1. Create a solid foundation by assessing your current diversity and inclusivity strategy. What do you want to reflect as a destination? Who do you want to attract as a destination? What does success look like? Does a current strategy exist? Does the strategy need to be updated? Is there someone willing to spearhead the initiative? Do you have buy-in from your internal staff members?
2. Develop a set of questions. These questions should be developed with your overall goals and target audience in mind. In order to better understand their interests and incentives use these questions in focus groups, develop a customer survey, share these questions on social media (with proper context).
3. Engage your target audience. Use the established questions to obtain feedback through focus groups, surveys, social media, partnerships, etc. Be honest about what you are trying to accomplish with your responses, most people appreciate honesty, transparency, and effort.

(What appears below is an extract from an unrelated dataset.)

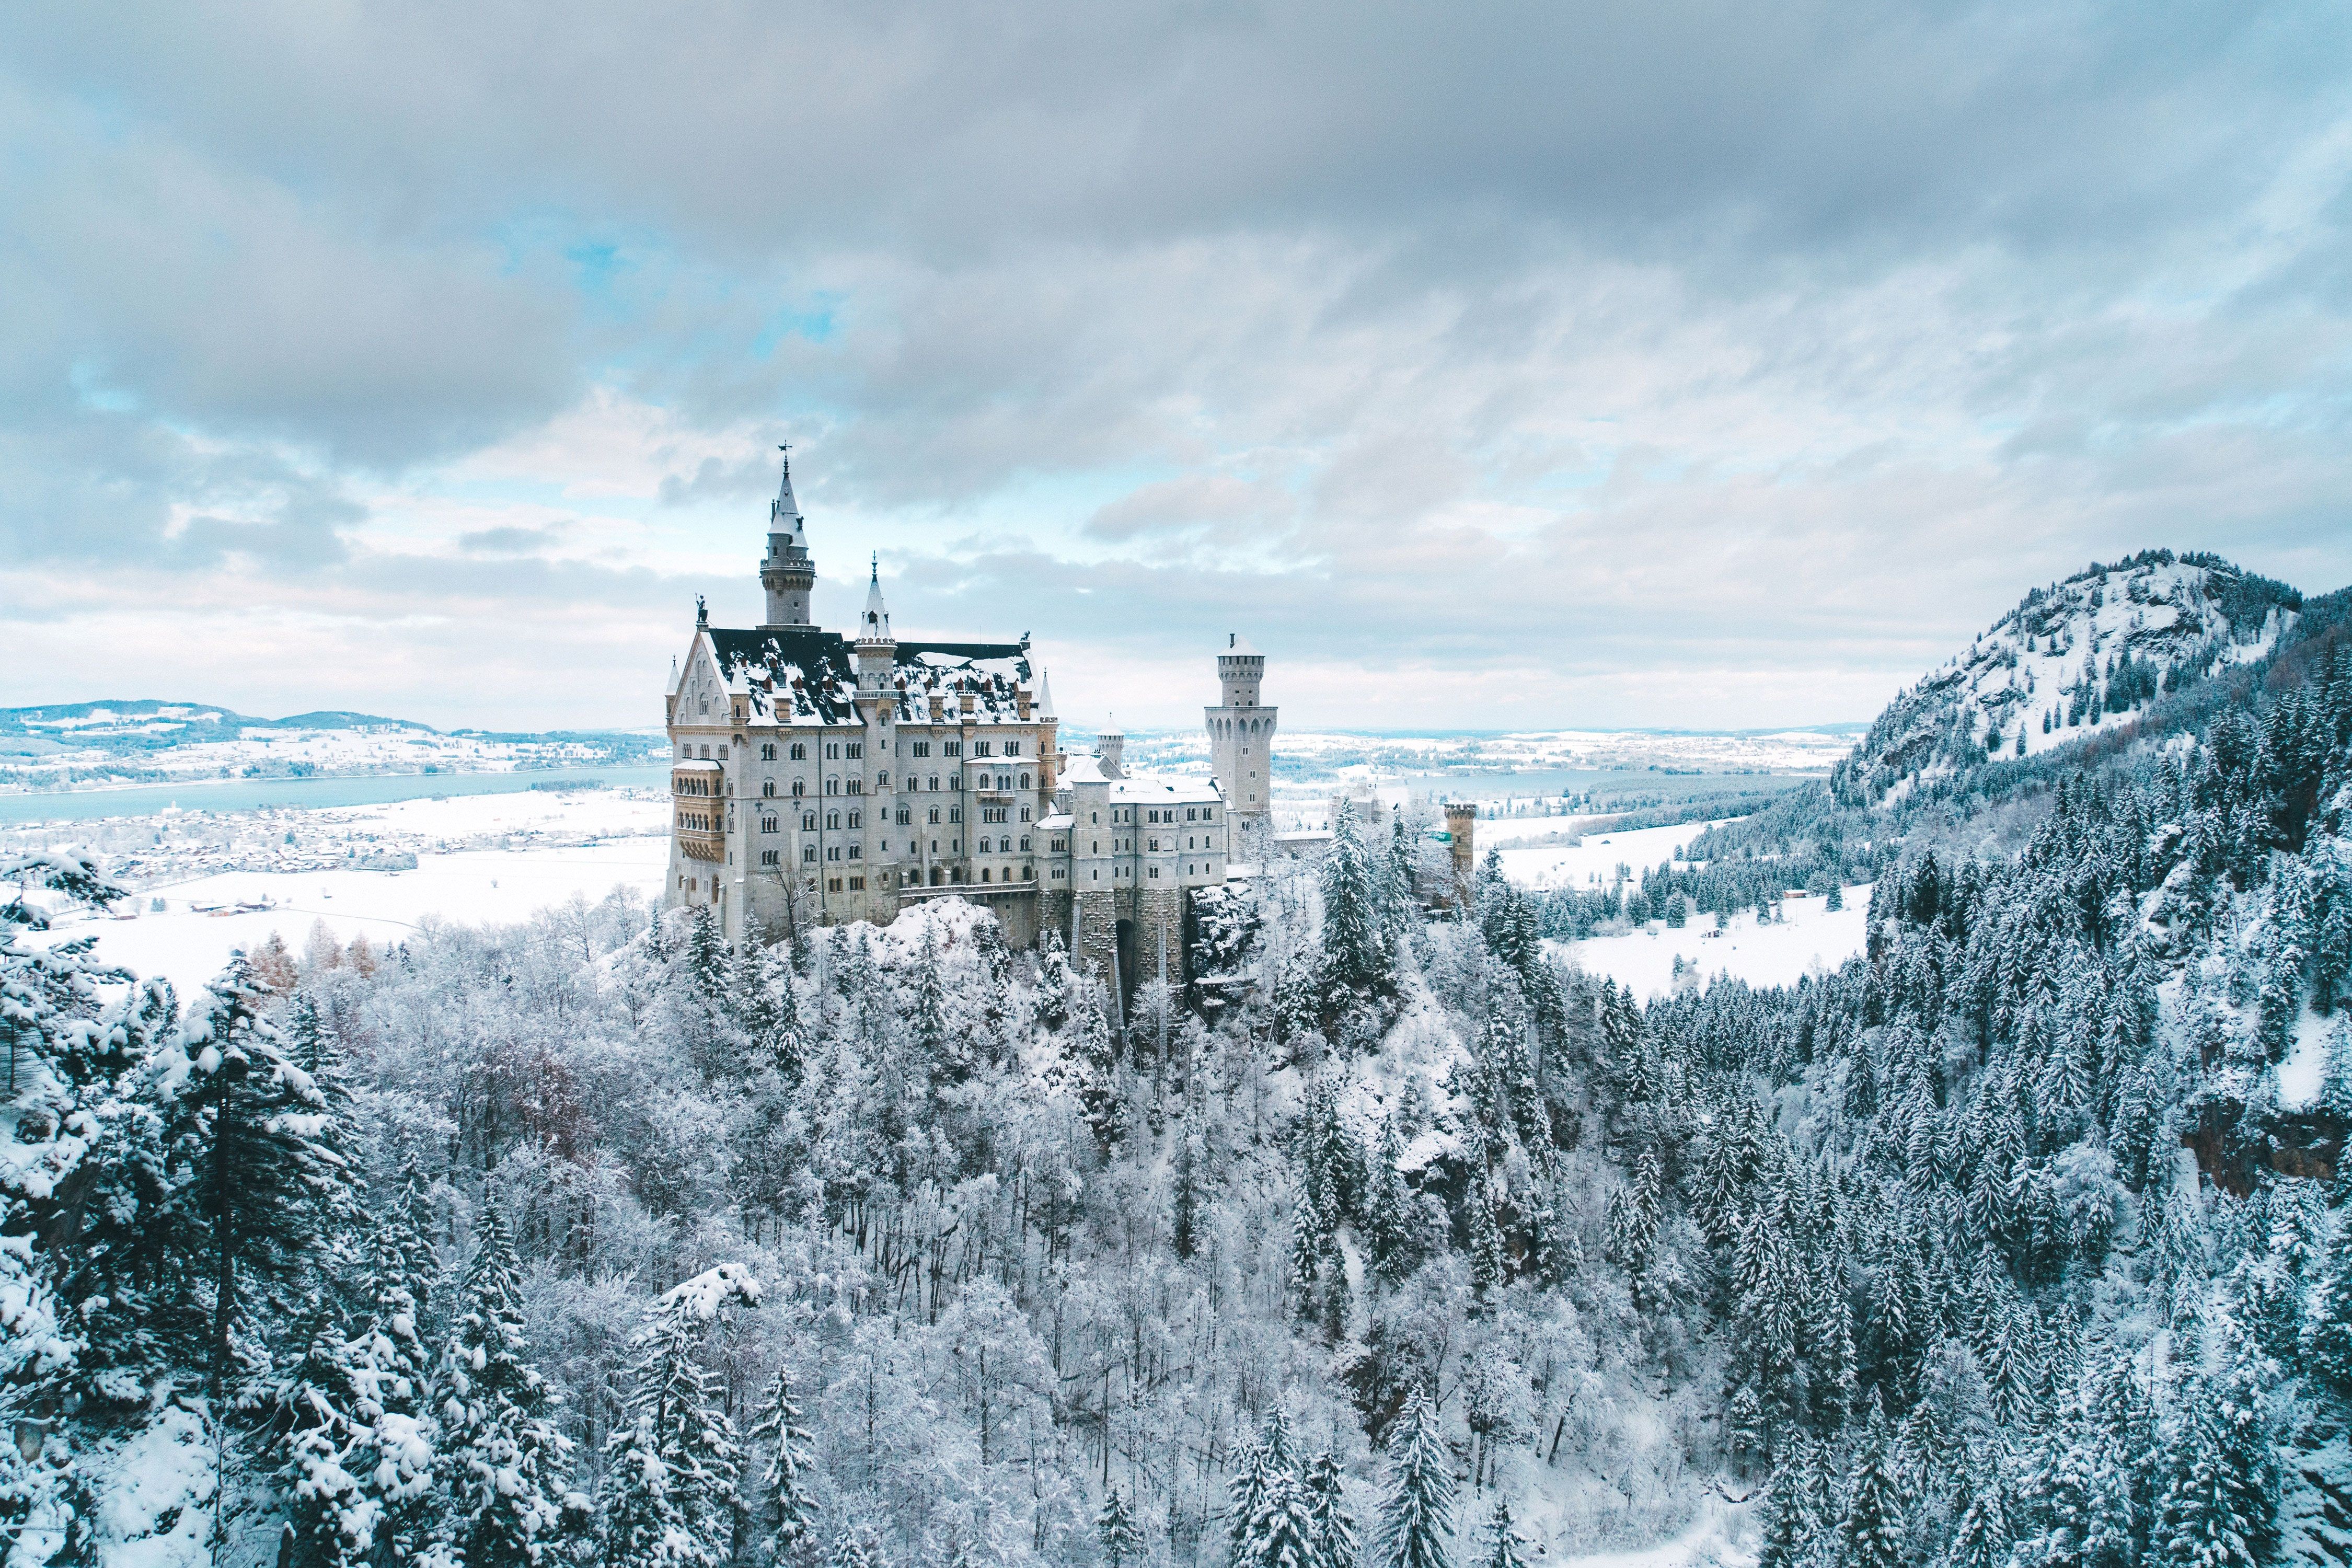 Winter Wonderlands Around the World. Condé Nast Traveler

4. Revisit your strategy and update it with milestones. Update the strategy based on the responses that have been collected. Develop milestones to track your progress. While it is commendable to have big goals, be realistic about what you can accomplish.

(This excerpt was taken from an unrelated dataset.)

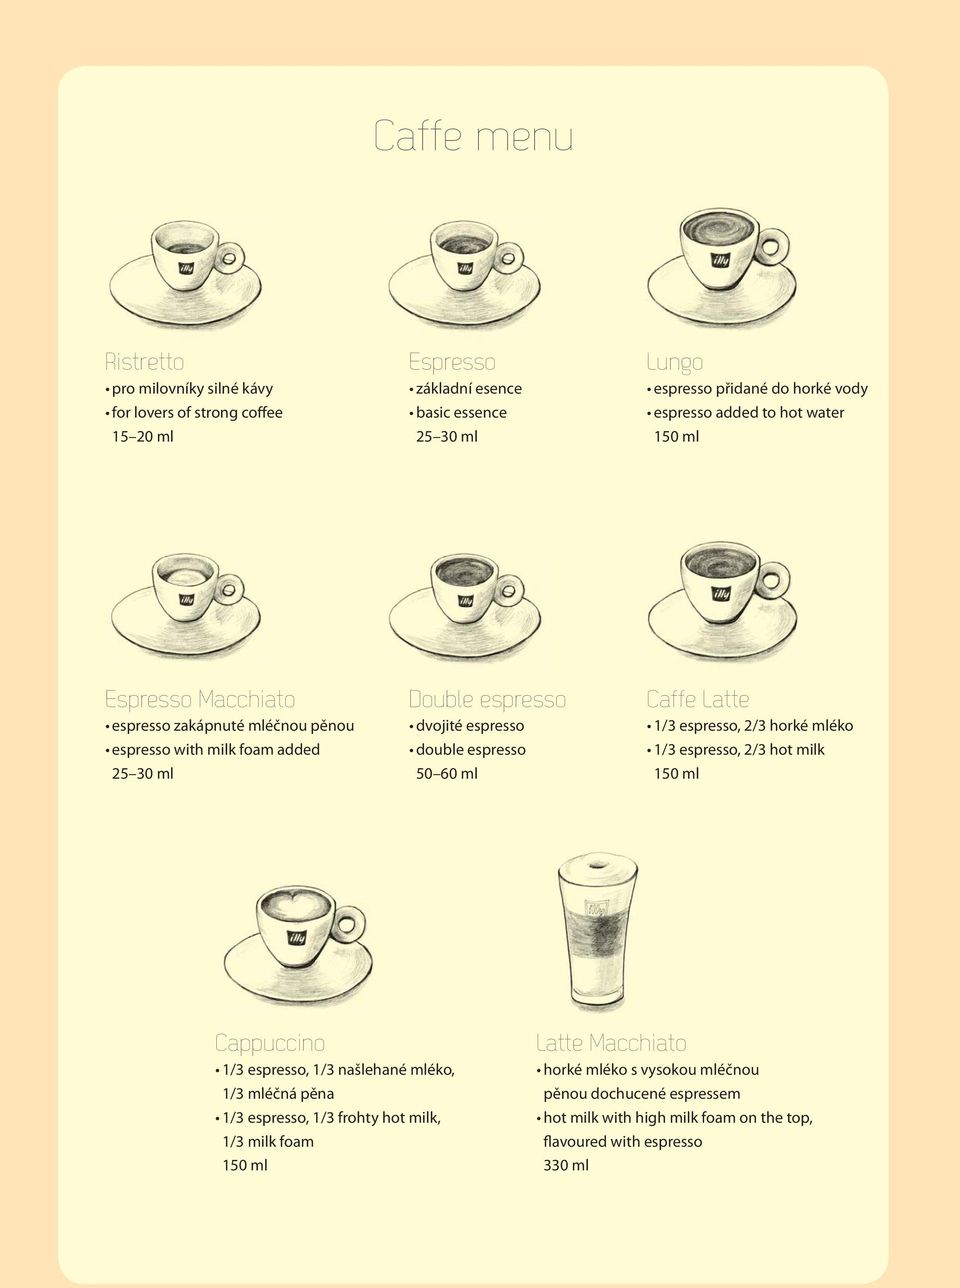 espresso 50 60 ml Caffe Latte 1/3 espresso, 2/3 horké mléko 1/3 espresso, 2/3 hot milk 150 ml Cappuccino 1/3 espresso, 1/3 našlehané mléko, 1/3 mléčná pěna 1/3 espresso,

5. Execution of strategy. Keep engaging your audience, refer to your milestone metrics, be honest, and remember what success looks like.
This endeavor may be difficult and complex but true shifts of change take time and are well worth the end result. Most importantly, be honest and transparent. At the end of the day, we are all human. The best thing we can do to progress forward is to continue to learn, grow, change, and adapt through thoughtful communication peppered in with a little vulnerability. This work is not easy, but it can surely be improved. (I highly encourage you to read this article by Martinique Lewis who has developed a diversity in travel report card.)
Lastly, I ask you to ponder this question: Isn’t the point of travel to explore and learn about different cultures?
***Please note that I am quite aware that there are more demographics not represented in this article.